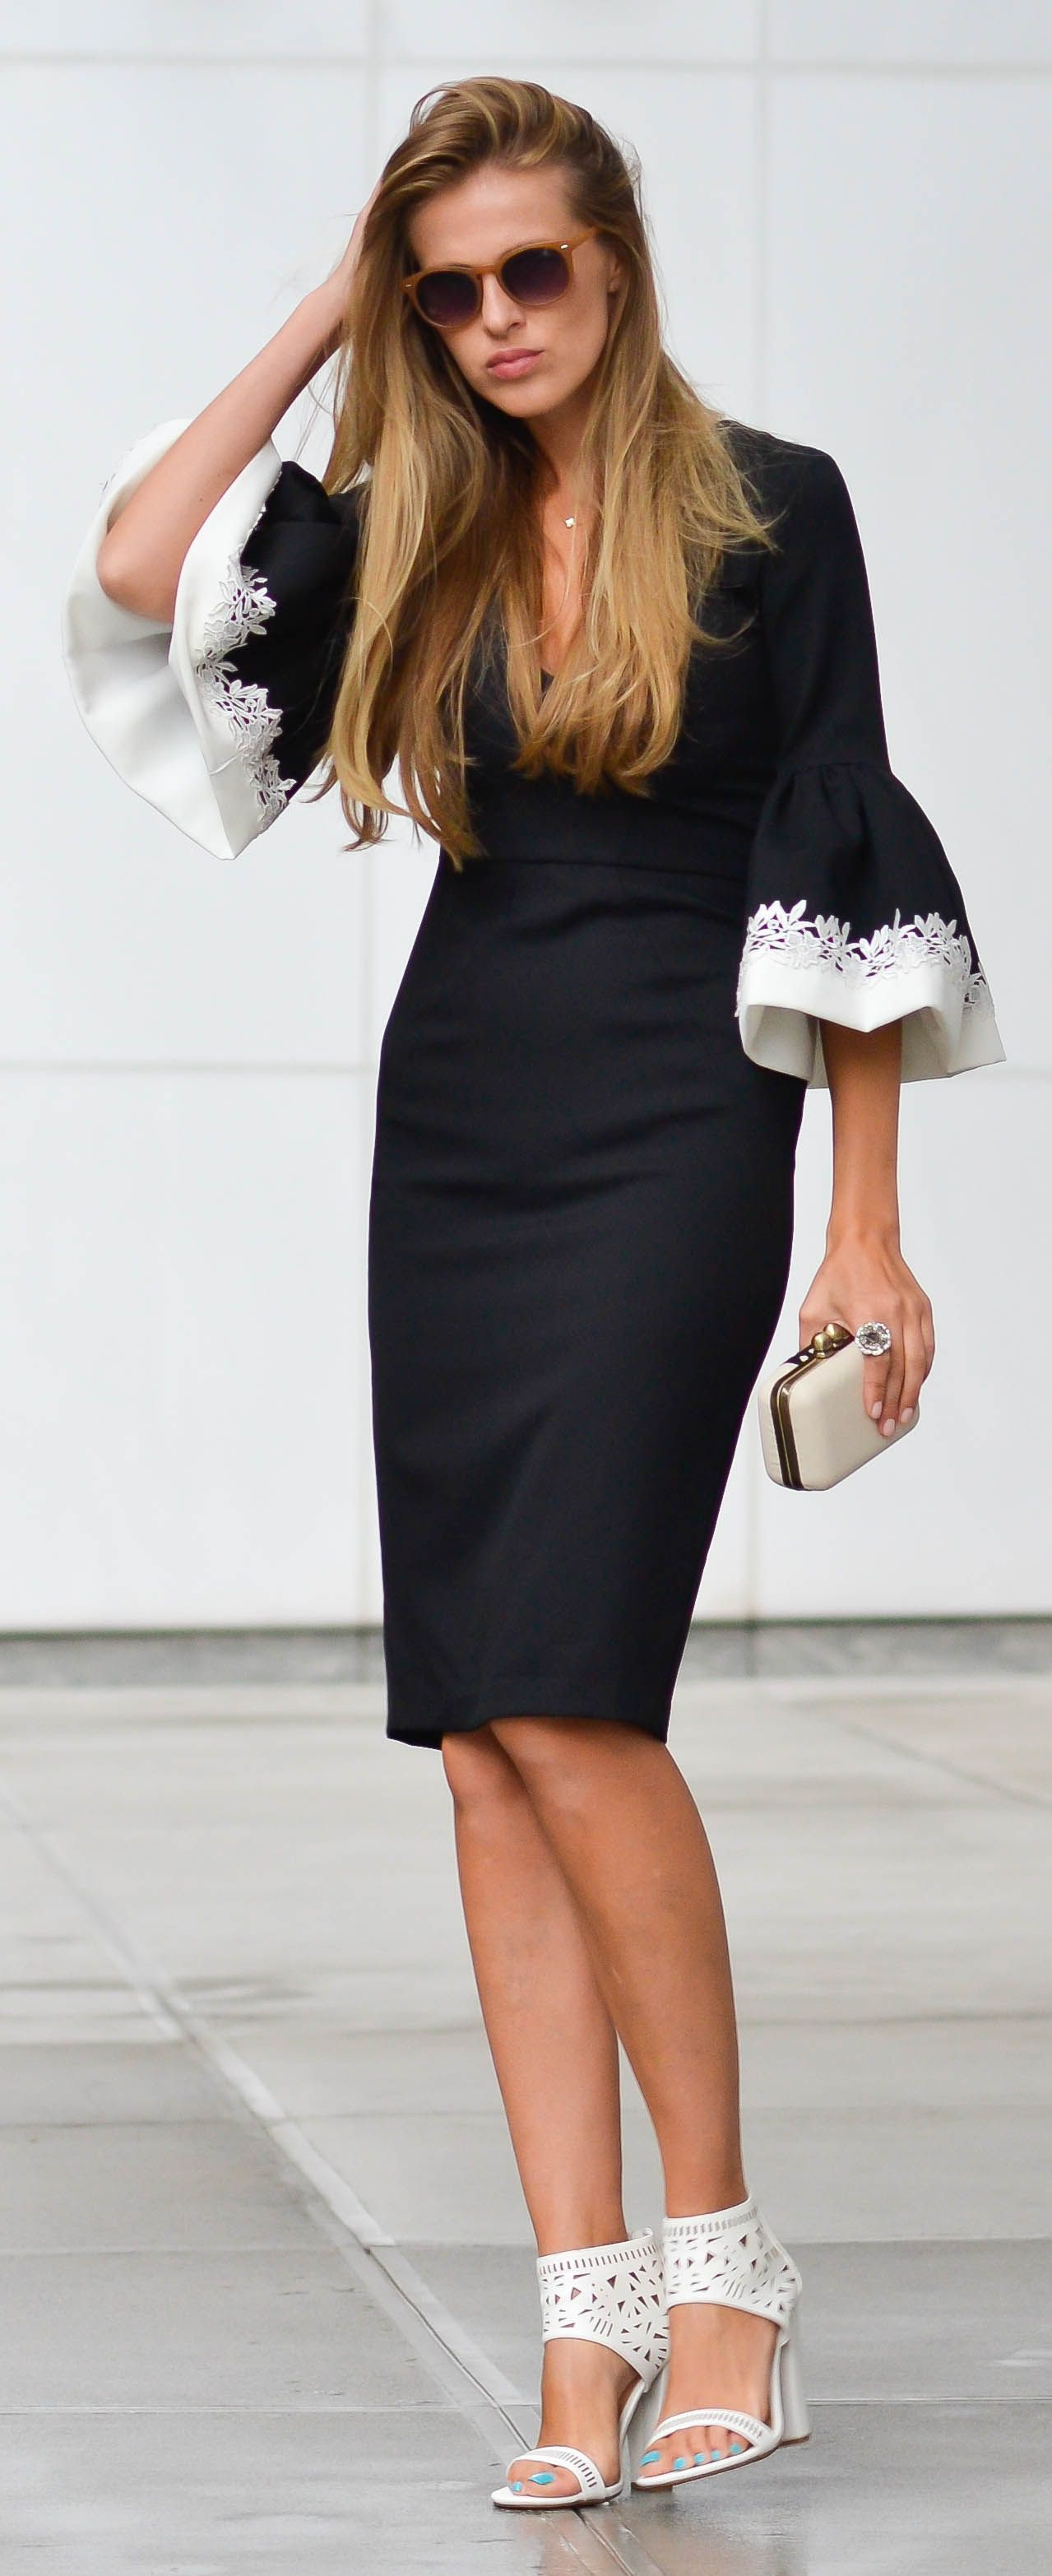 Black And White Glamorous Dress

◆ ◆ ◆

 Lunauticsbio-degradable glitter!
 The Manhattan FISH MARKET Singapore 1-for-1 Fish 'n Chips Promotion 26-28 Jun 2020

◆ ◆ ◆

YOUR GOAL » Starting with the line above that holds "Lunauticsbio-degradable glitter!" and stopping with the line that holds "The Manhattan FISH", reproduce each line exactly, omitting all other lines.

ANSWER AREA »
 Lunauticsbio-degradable glitter!
 The Manhattan FISH MARKET Singapore 1-for-1 Fish 'n Chips Promotion 26-28 Jun 2020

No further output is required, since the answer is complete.